I'm not a good person.
I'm not normal.
I know that as fact.
Why, you ask? Do you think I'm just a sociopath for the sake of this... story? Poem, or whatever it is?
Well, you're wrong, I think.
The thing is that I have a childhood friend. Cliché, right?
Her name is Amber. Amber Blaine. Her very presence feels like warm honey and late-fall dandelions. She has hair the color of whipped creme, and eyes of normal, old boring hazelnuts.
I fall into those boring eyes every time I see them. I could pine about her *forever*. She's just... the perfect girl. Warm, clumsy, and starting to fall a little behind in her homeschooling.
The day feels like a void until I come to the flower shop after school.

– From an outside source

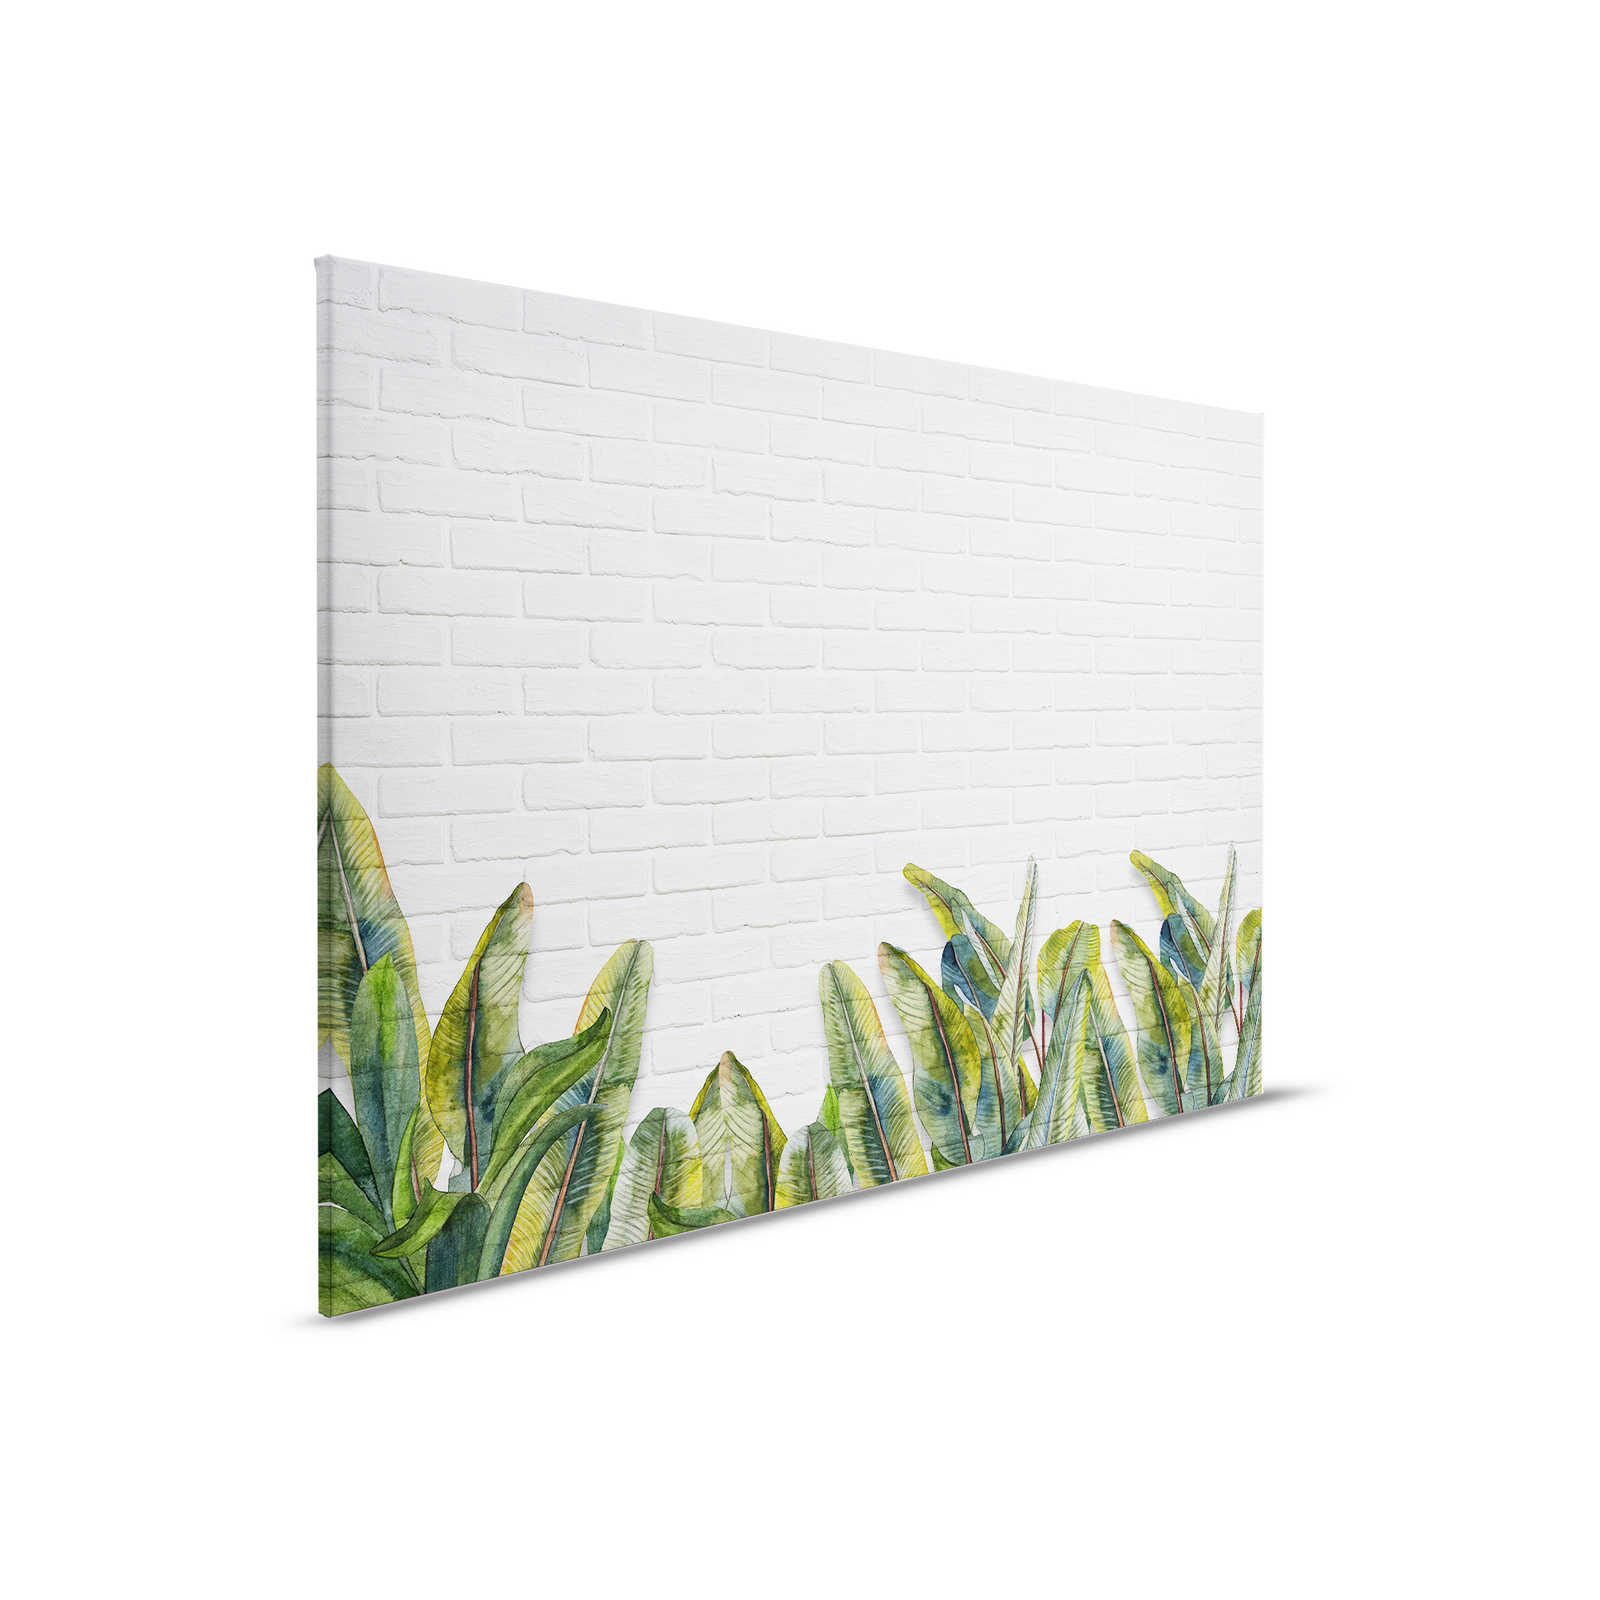 Canvas painting with leaves in front of white brick wall - 0.90 m x 0.60 m

Only around her I act... normal. Like a normal girl. With normal amounts of sarcasm, and normal amounts of sass.
I'm an empty shell without her.
I'm constantly conflicted, because I want her to be happy, but I want to eviscerate anyone who puts their hands on her.
For the time being, I've settled on being kind to her friends, and making a good image of myself in her mind. I doubt I'll ever go kill-for-who-you-love on her, but...
My name is Madelyn. I'm in love with a girl named Amber Blaine. I want to grow old with her, and never ever part from her. Conjoined at the hip. That's what I want.
And... to be frank.
If she wanted me to kill someone, I would do it without hesitation.
God, here I go again. Pretending I'm in a dramatic... drama.
Why can't I just make good and *original* self made plots about my life? Then again, it's not like anyone's reading the words I think of. I think of the past like this.